Derivation of why a diagonalizable matrix can be written as a sum of outer products $\Sigma=\sum_{i=1}^n \lambda_i v_i v_i^T$

Question

Lets say we have a symmetric positive semi-definite $n\times n$ matrix $\Sigma$, which therefore has a diagonalization $\Sigma=V\Lambda V^T$, where $V$ is an orthogonal matrix (containing the eigenvectors $v_1,...v_n$ of $\Sigma$) and $\Lambda$ is a diagonal matrix (containing the eigenvalues $\lambda_1,...,\lambda_n$ of $\Sigma$).

Could you show me how the following sum of outer products is derived?

$\Sigma=\sum_{i=1}^n \lambda_iv_iv_i^T$

Answer 1

It helps to have internalized the following ways of looking at matrix multiplication:

• $Ax = a_1 x_1 + \cdots + a_n x_n$, where $a_i$ is the $i$th column of the matrix $A$ and $x_i$ is the $i$th component of the vector $x$.
• $A \begin{bmatrix} b_1 & \cdots & b_n \end{bmatrix} = \begin{bmatrix} A b_1 & \cdots & A b_n \end{bmatrix}$, where $b_i$ is the $i$th column of the matrix $B$.
• $\begin{bmatrix} a_1 & \cdots & a_n \end{bmatrix} \begin{bmatrix} b_1^T \\ \vdots \\ b_n^T \end{bmatrix} = a_1 b_1^T + \cdots + a_n b_n^T$. Here the vector $a_i$ is the $i$th column of $A$ and the row vector $b_i^T$ is the $i$th row of $B$.

You can use rules 2 and 1 to compute $V \Lambda$, and then use rule 3 to compute $V \Lambda V^T$.

Alternatively, you can think of it like this.

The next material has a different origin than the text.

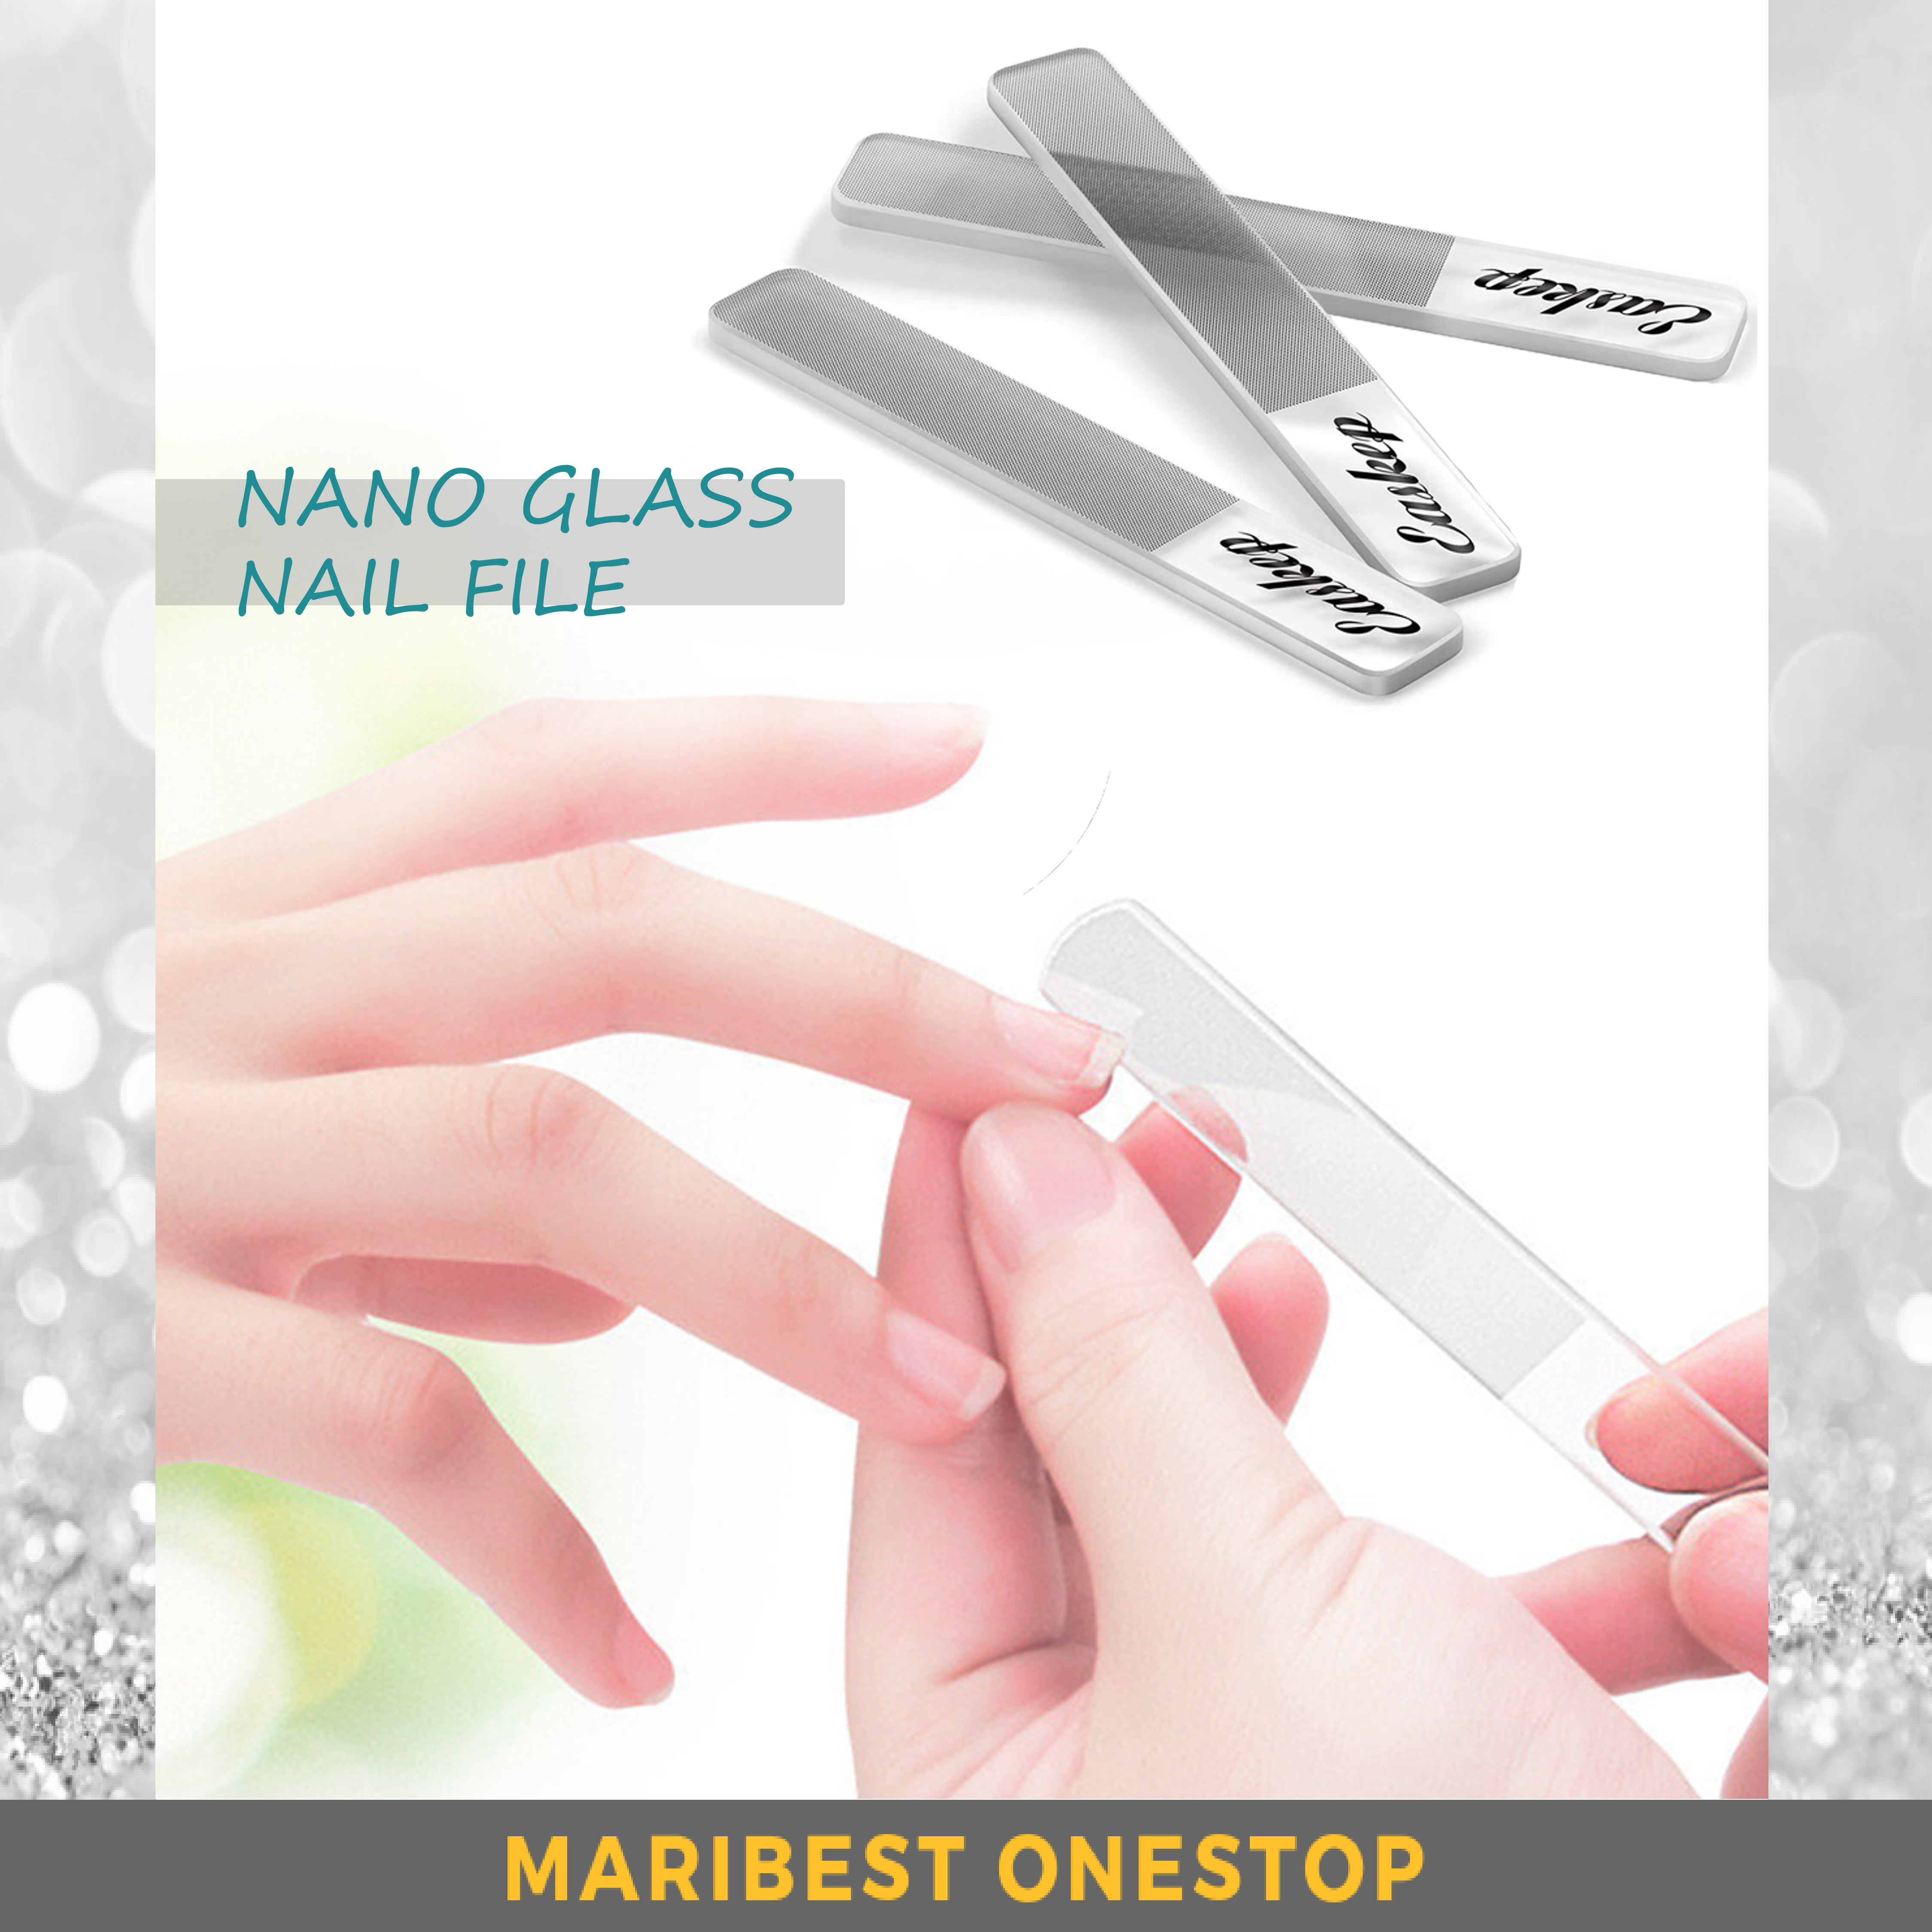 NANO GLASS NAIL FILE Nail Shiner Professional Crystal Manicure Tools Kit for Natural Nails

The matrix $v_i v_i^T$ projects a vector $x$ onto the span of $\{ v_i \}$. This projection then gets scaled by $\lambda_i$. In other words: \begin{equation} x = \sum_{i=1}^n v_i v_i^T x \end{equation} so \begin{align} \Sigma x &= \sum_{i=1}^n \Sigma v_i v_i^T x \\ &= \sum_{i=1}^n \lambda_i v_i v_i^T x. \end{align}